CSTL insider Tobin Juvenal: 10,640 PSUs vest, 4,294 shares sold at $19.36
Rhea-AI Filing Summary
Castle Biosciences insider activity: The reporting person, Tobin W. Juvenal (Chief Commercial Officer), reported acquisition and disposition of common stock on 08/08/2025. He acquired 10,640 shares through performance-based stock units (PSUs) at $0 and disposed of 4,294 shares at $19.36. The PSUs are described as representing one share each and constitute the remaining 50% of a grant from December 23, 2022, which vested on August 9, 2024.
After the reported transactions the form shows 84,527 shares directly beneficially owned and 2,230 shares held indirectly by the Tobin W. and Susan M. Juvenal Family Revocable Trust. The report was submitted on behalf of the reporting person by an attorney-in-fact.
Positive
- 10,640 PSUs acquired at $0, reflecting the conversion of performance-based awards into common shares
- PSUs explicitly described as one-for-one rights to common stock and tied to a December 23, 2022 grant that vested on August 9, 2024
- Indirect trust holdings disclosed (2,230 shares), improving transparency about attributable ownership
Negative
- 4,294 shares sold at $19.36, reducing direct shareholdings
- Beneficial ownership decreased to 84,527 shares directly after the reported disposal
Insights
TL;DR: Officer received 10,640 PSUs and sold 4,294 shares at $19.36, leaving 84,527 shares directly owned; routine compensation and sale.

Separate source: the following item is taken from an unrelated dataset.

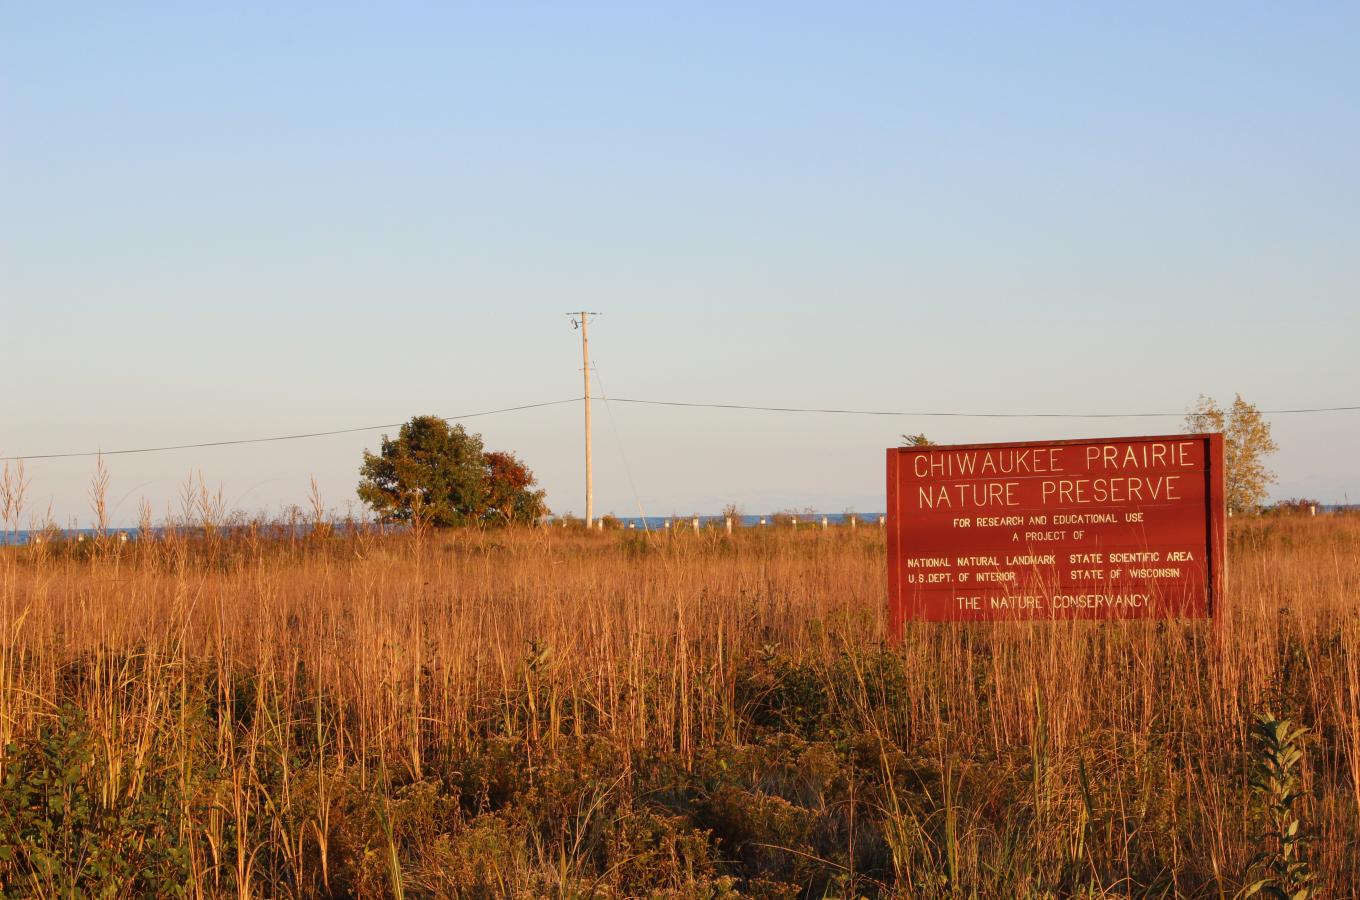 Chiwaukee Prairie

The filing shows compensation-related equity (10,640 PSUs) converting to common shares at no cash outlay and a contemporaneous cash sale of 4,294 shares at $19.36. This combination—vesting-driven acquisition plus a partial disposition—is consistent with typical executive liquidity following award vesting. The net direct holding reported is 84,527 shares, with an additional 2,230 shares held indirectly via a family trust. Impact on shareholders is informational; the filing does not state transaction rationale or signal material change to corporate strategy.
TL;DR: Disclosure documents vesting and sale activity; PSUs described explicitly and trust holdings disclosed, meeting Section 16 reporting expectations.
The Form 4 documents time-based PSU conversion and an open-market disposition consistent with standard insider reporting. The form identifies the reporting persons officer role and discloses the family revocable trust as an indirect holder, clarifying potential attribution. From a governance perspective the filing provides the required transparency on executive compensation realization and related share moves; it does not allege issues of compliance or control deficiencies within the submitted information.
Insider Trade Summary
| Type | Security | Shares | Price | Value |
|---|---|---|---|---|
| Exercise | Performance-Based Stock Unit | 10,640 | $0.00 | -- |
| Exercise | Common Stock | 10,640 | $0.00 | -- |
| Tax Withholding | Common Stock | 4,294 | $19.36 | $83K |
| holding | Common Stock | -- | -- | -- |
Footnotes (1)
- Held by Tobin W and Susan M Juvenal Family Revocable Trust of which the Reporting Person and his spouse are the trustees and the Reporting Person, his spouse and their children are the beneficiaries. Each Performance-Based Stock Unit ("PSU") represents the right to receive one share of the Issuer's Common Stock. These PSUs represent the remaining 50% of the PSUs granted on December 23, 2022, which were all subject to time-based vesting and vested in full on the one-year anniversary of August 9, 2024.